DATA:
—————
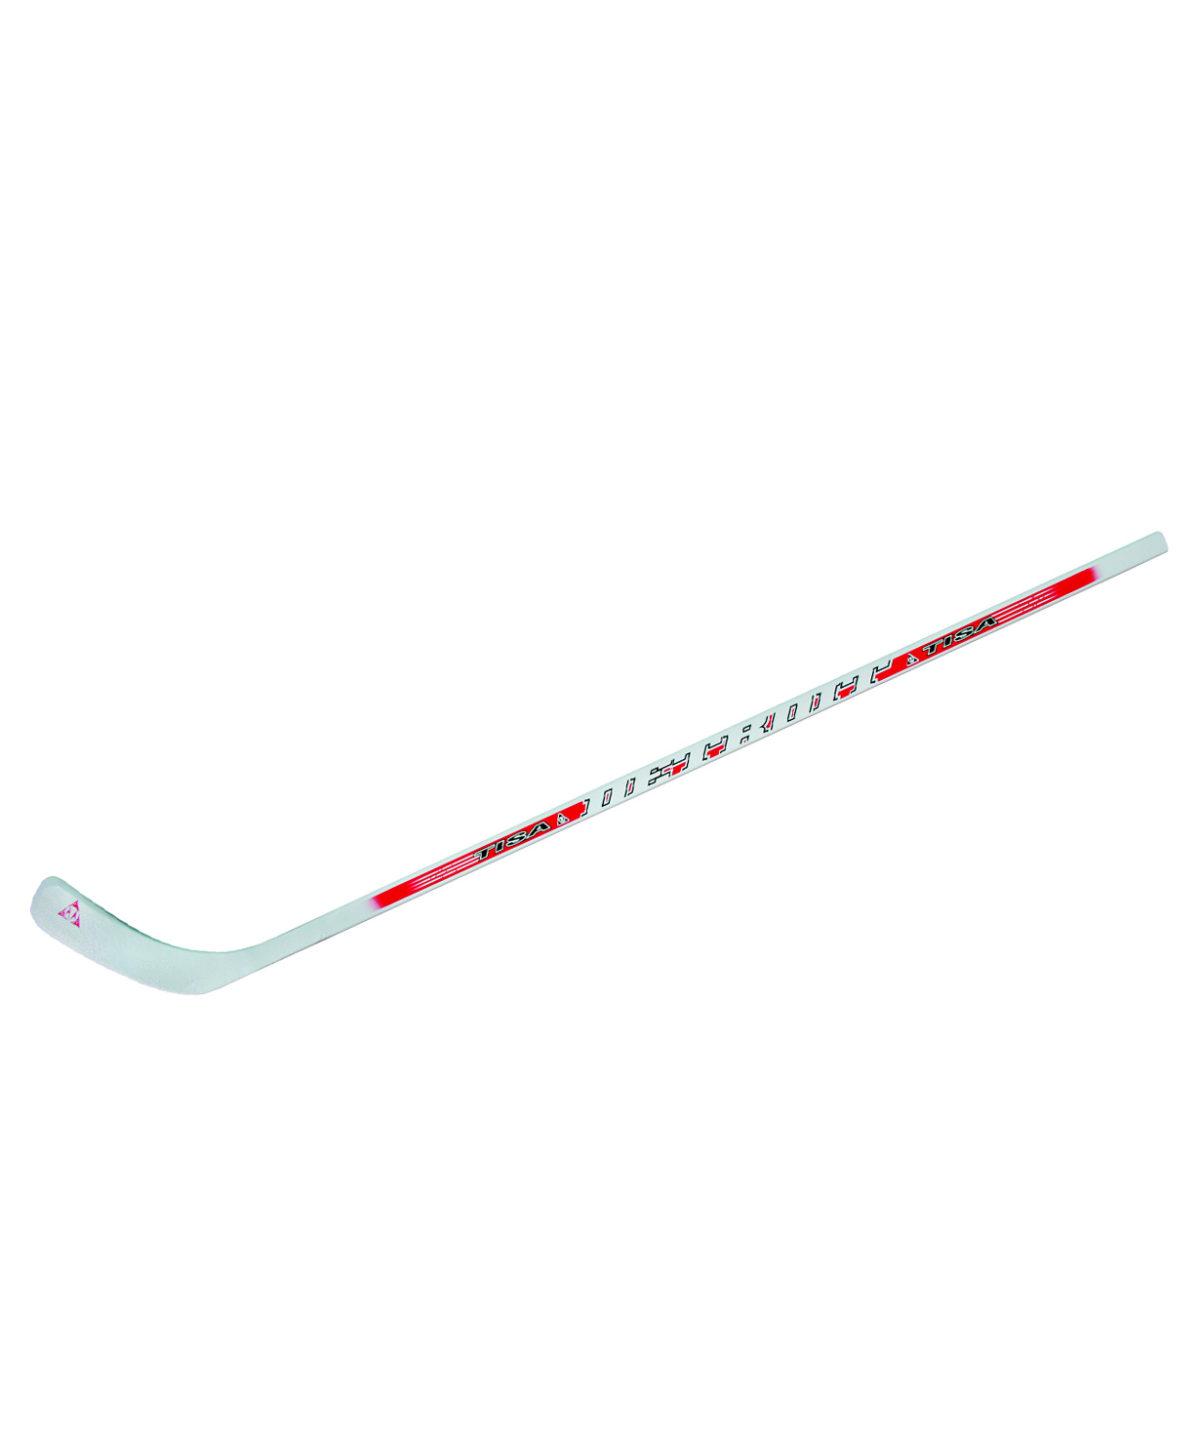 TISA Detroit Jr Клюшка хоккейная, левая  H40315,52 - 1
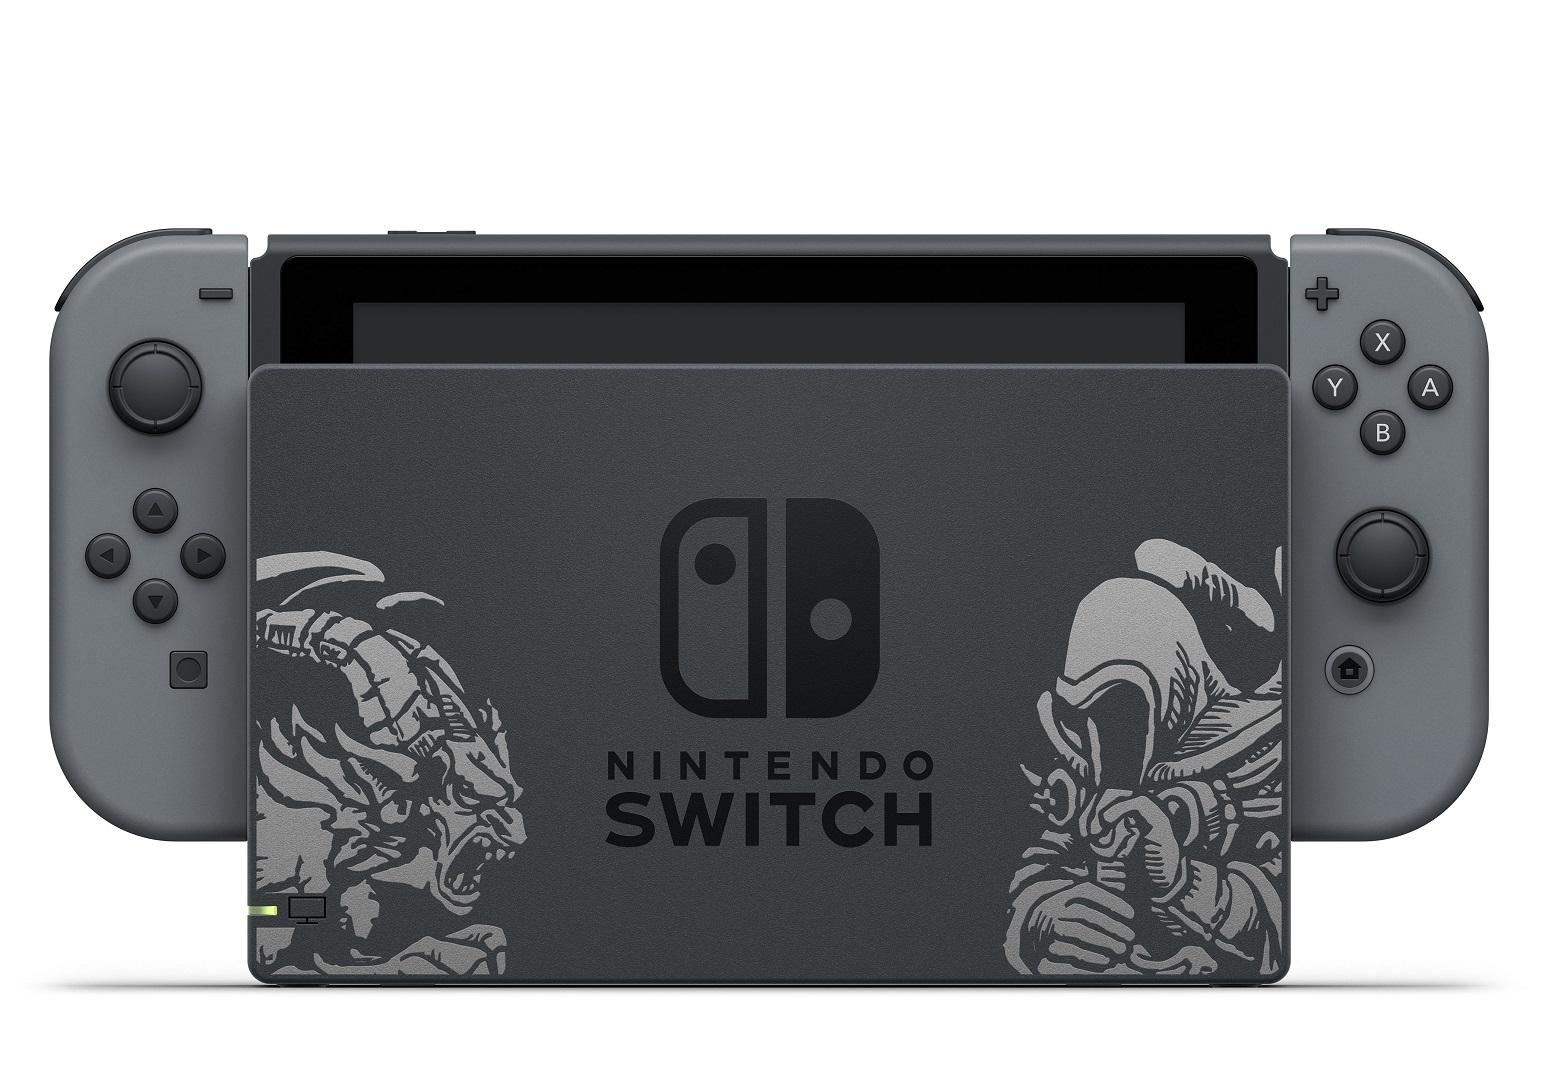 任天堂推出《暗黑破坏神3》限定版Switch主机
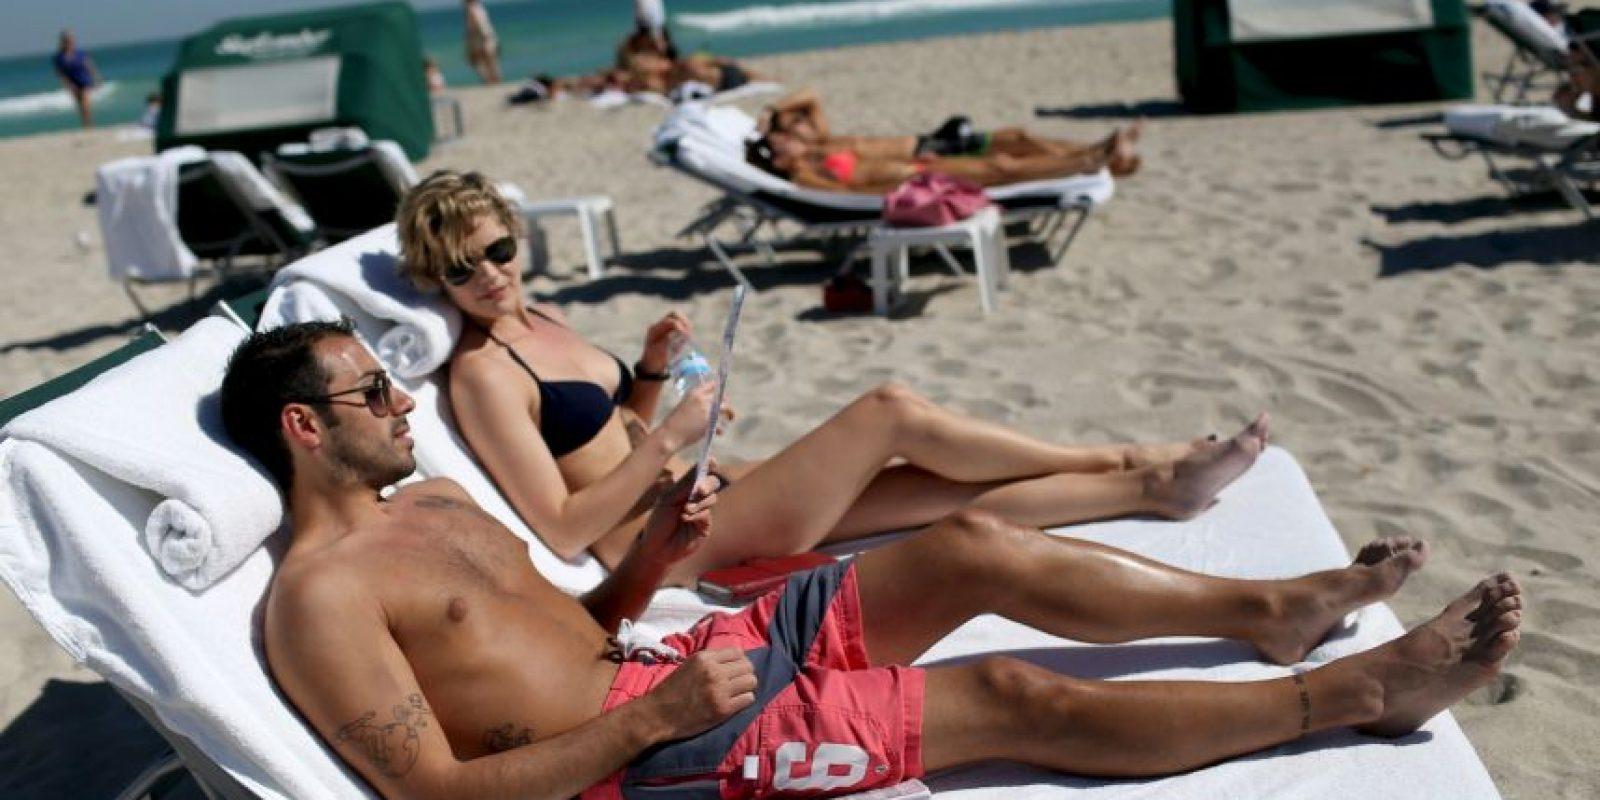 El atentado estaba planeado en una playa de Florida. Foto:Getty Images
—————
WHAT TO PRODUCE: Copy out the data exactly and keep the pictures out.

EXERCISE RESULT:
 TISA Detroit Jr Клюшка хоккейная, левая  H40315,52 - 1
 任天堂推出《暗黑破坏神3》限定版Switch主机
 El atentado estaba planeado en una playa de Florida. Foto:Getty Images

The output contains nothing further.